▸ About this exercise:
From the line containing "Deux filles adolescents" down to the line containing "King Ranch Chicken Casserole" in the records below, reproduce every line exactly, ends included, and omit all others.

▸ Data:
★ ★ ★ ★ ★

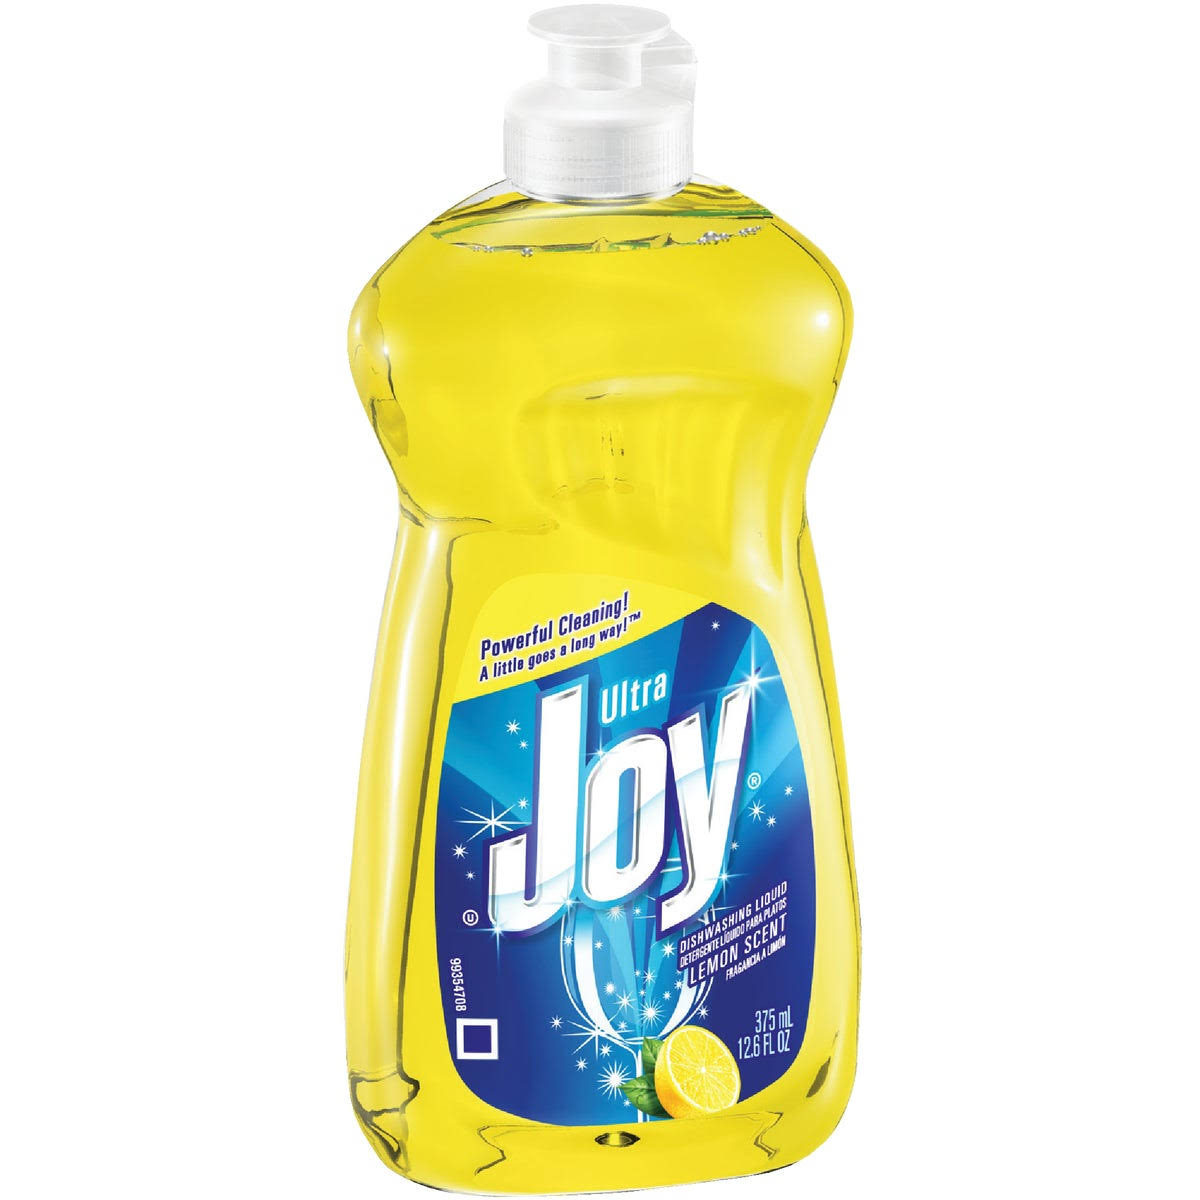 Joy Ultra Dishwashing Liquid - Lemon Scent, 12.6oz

★ ★ ★ ★ ★

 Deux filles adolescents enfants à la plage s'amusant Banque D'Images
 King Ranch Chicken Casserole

★ ★ ★ ★ ★

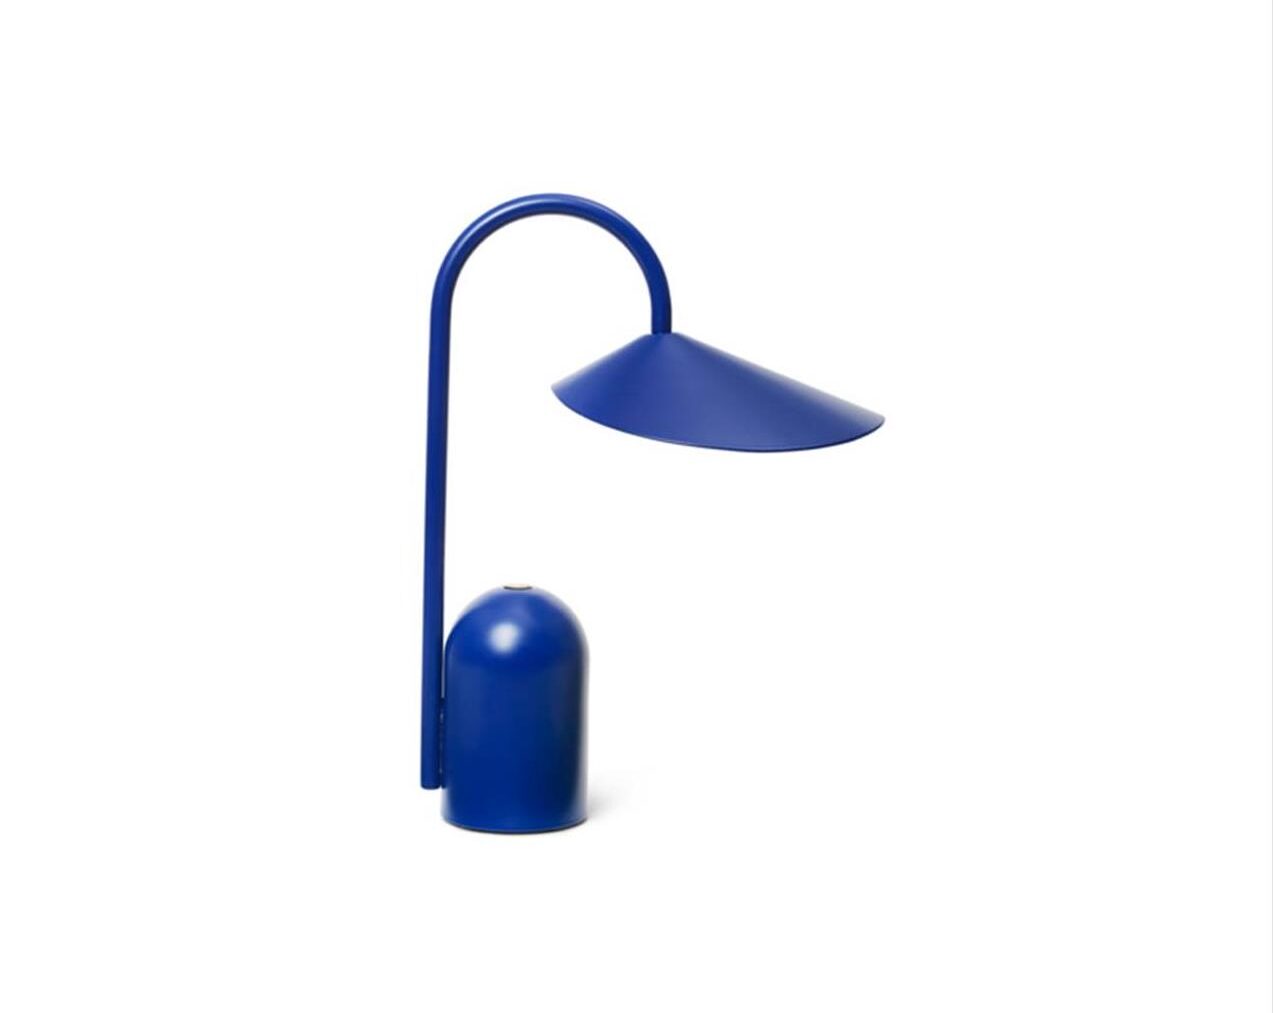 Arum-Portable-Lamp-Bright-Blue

★ ★ ★ ★ ★

▸ Answer box:
 Deux filles adolescents enfants à la plage s'amusant Banque D'Images
 King Ranch Chicken Casserole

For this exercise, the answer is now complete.